Predictor variables were taken from the baseline, or, where available, the closest period of time prior to onset. The presence of a confidant, ordinal measures of the size of the family and friends' network, and years of education were assessed at baseline. Other symptoms of psychopathology (panic attack, alcohol abuse, and drug abuse) were taken from the baseline wave. Marital status was taken from the wave of interviews prior to onset. Age was adjusted using the age at baseline. Family history of depression was taken from a follow-up wave which occurred 1 year after baseline (wave 2 was not used in this analysis since it was so close to baseline). Treatment for depression was defined as whether the respondent reported having talked to a doctor about 1 or more of the episodes. Impairment was defined as whether the respondent reported that the episode “interfered with their life or activities a lot.”

Information on the widely studied 44 base pair insertion/deletion polymorphism in the promoter region of 5HTT was available for a subsample of 839 participants interviewed in 2004 who agreed to provide blood or buccal sample for DNA analysis (61 incident cases and 778 comparison participants were included). There was not a strong relationship between depression and willingness to donate blood or buccal sample for DNA.42 The polymorphism was genotyped using polymerase chain reaction with products resolved on 2% NuSieve (Lonza Group Ltd, Basel, Switzerland), 1% agarose gel and visualized by ethidium bromide staining.43 Polymerase chain reaction primers and conditions are available upon request. The polymorphism, which has 2 common alleles, designated as the short (s) and long (l) alleles, was in Hardy-Weinberg equilibrium (P > .50) in the current sample population with genotype frequencies of 12% ss, 45% sl, and 43% ll.

ANALYSIS

The distribution of social and clinical characteristics in the 92 first-onset cases was compared with that of the 1739 participants with no prior episodes of depression at baseline and at at least 1 follow-up interview after 1982. Relative risks for incidence are estimated by Cox proportional hazards method, using baseline as the start point of time until the event of onset.44 Cases are censored at death, onset of depression, or their last follow-up interview. Kaplan-Meier plots display times to recovery and recurrence.44 Predictors of time to recovery, and time to recurrence for those who recovered, were estimated with the Cox model also. The predictors of the duration of episodes were estimated by linear regression, using the generalized estimating equation method to correct for the occurrence of multiple durations in individuals.45

The 92 participants with first lifetime onset of depressive disorder during follow-up were more likely to be women, in the youngest decade of age, separated or never married, had about 1 year more education, and were about twice as likely to have reported a parent with depression than the 1739 participants without onset (Table 1). Persons who reported incidents were more likely to have a history of panic attack or drug or alcohol abuse or dependence. The participants who reported incidents were less likely to have 2 long alleles of the 5HTT gene. Other differences between the 92 incident case participants and the 1739 participants with no history of depression were not strong. When age, sex, and years of education were adjusted in a Cox proportional hazards model of time to onset of depression in years since baseline (Table 2), the differences attributed to education and marital status were no longer significant, and the difference attributed to parental history of depression was also not statistically significant, using the traditional α value of .05. Women, younger persons, those with 1 or 2 short 5HTT alleles, and persons with a history of drug or alcohol disorders and panic attacks were at a higher risk. Other predictors, including social network variables, do not have a significant effect.

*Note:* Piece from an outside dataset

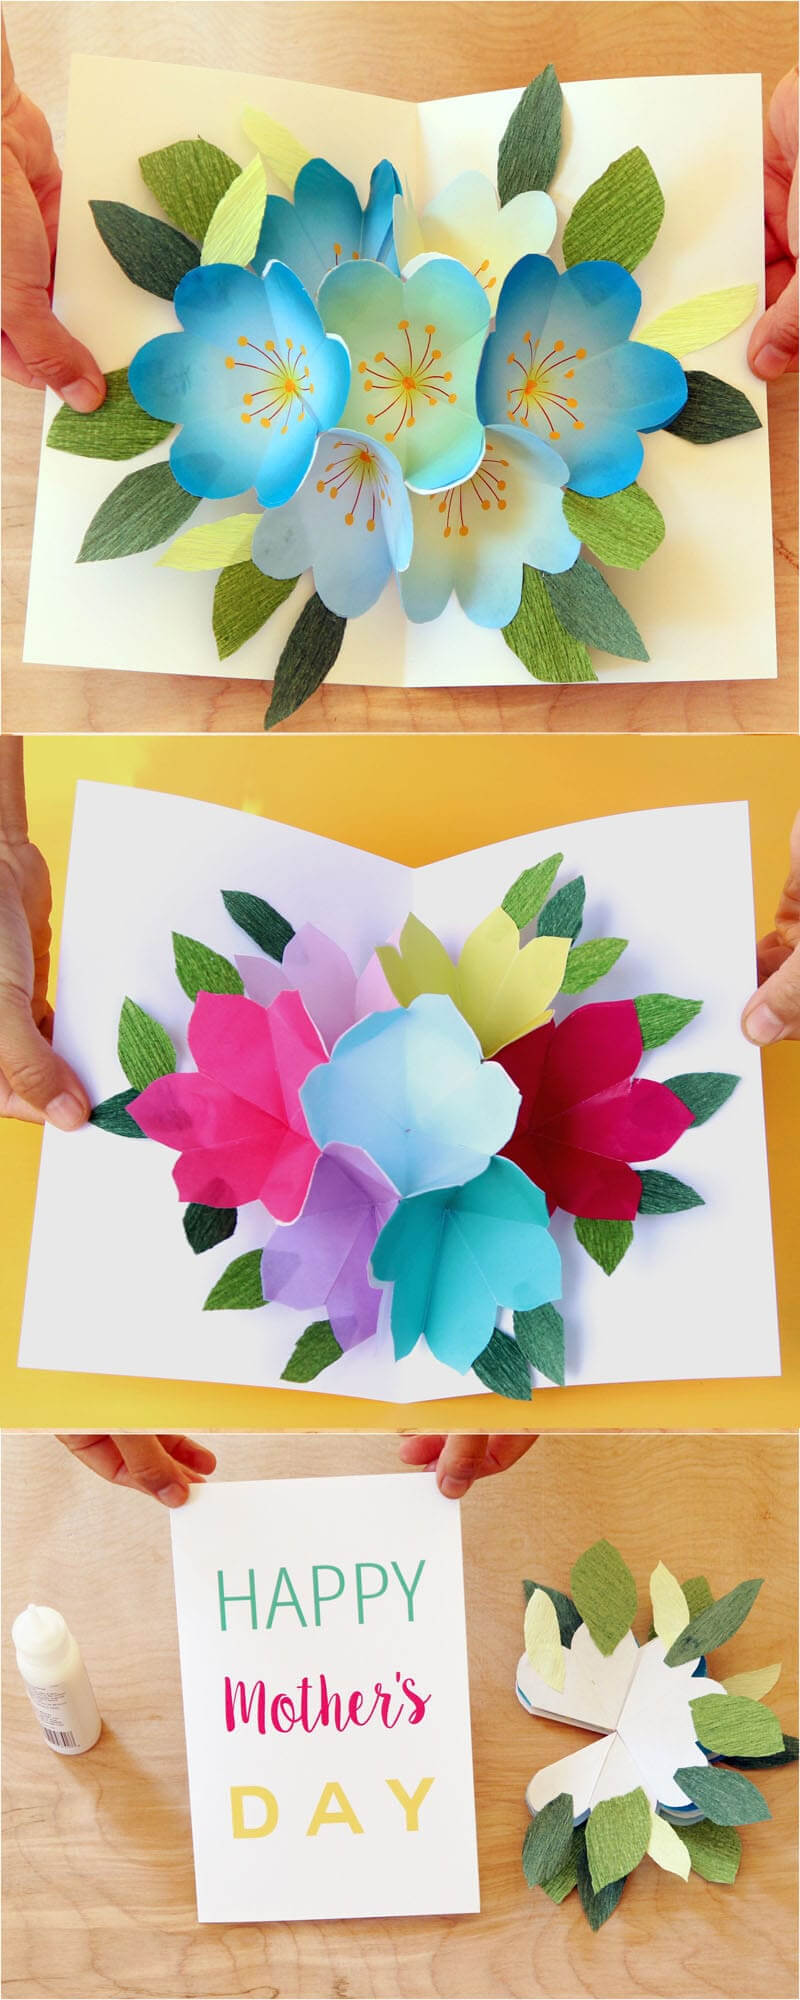 Pop Up Flowers Diy Printable Mother's Day Card – A Piece Of With Regard To Pop Up Card Templates Free Printable

Table Graphic Jump LocationTable 1. Characteristics of 92 New Cases of Major Depressive Disorder and 1739 Noncases
Table Graphic Jump LocationTable 2. Risk Factors for Incident Cases of Depressive Disorder Time to Onset From Wave 1 (92 Cases and 1739 Noncases)

There were 345 total episodes during the follow-up of the 92 first-onset cases. A linear regression was estimated with weeks of the duration of the episode as the dependent variable and the predictors presented in Table 3, using the generalized estimating equation method. Each variable in the model was adjusted for onset age, sex, and education (second column). Men had episodes that were greater than 20 weeks shorter on average than those of women. Each year of education reduced the length of episodes by an average of 5 weeks. Although widowed, separated, and never-married individuals had shorter episodes than married persons (not statistically significant), divorced individuals had episodes that were much longer on average. Persons with larger networks of relatives had longer episodes. Persons with a history of panic attack had longer episodes as well. Individuals with 1 or 2 short alleles of the 5HTT gene had episodes that were about 20 weeks shorter.

Table Graphic Jump LocationTable 3. Predictors of Durations of Episodes; Generalized Estimating Equation Model of 345 Episodes in 92 New Casesa

Median time to recovery was 2 or 3 years for both men and women (Figure 1). After 10 years, about 15% had not had at least 1 year free from an episode of depression—that is, 85% recovered. An analysis of time to recovery from the first episode was performed using all the predictors in Table 1. There were no significant predictors of time to recovery (data not shown). For those who recovered, women were more likely to have a recurrent episode than men (Figure 2), but even after 15 years, only about half of the first-onset group have had even 1 recurrent episode. In a Cox proportional hazards model (not shown) similar to that in Table 2, only age at onset was a significant predictor of time to recurrence, with each additional year of age at onset lowering the risk for recurrence by 0.96 (95% confidence interval [CI], 0.93-0.99).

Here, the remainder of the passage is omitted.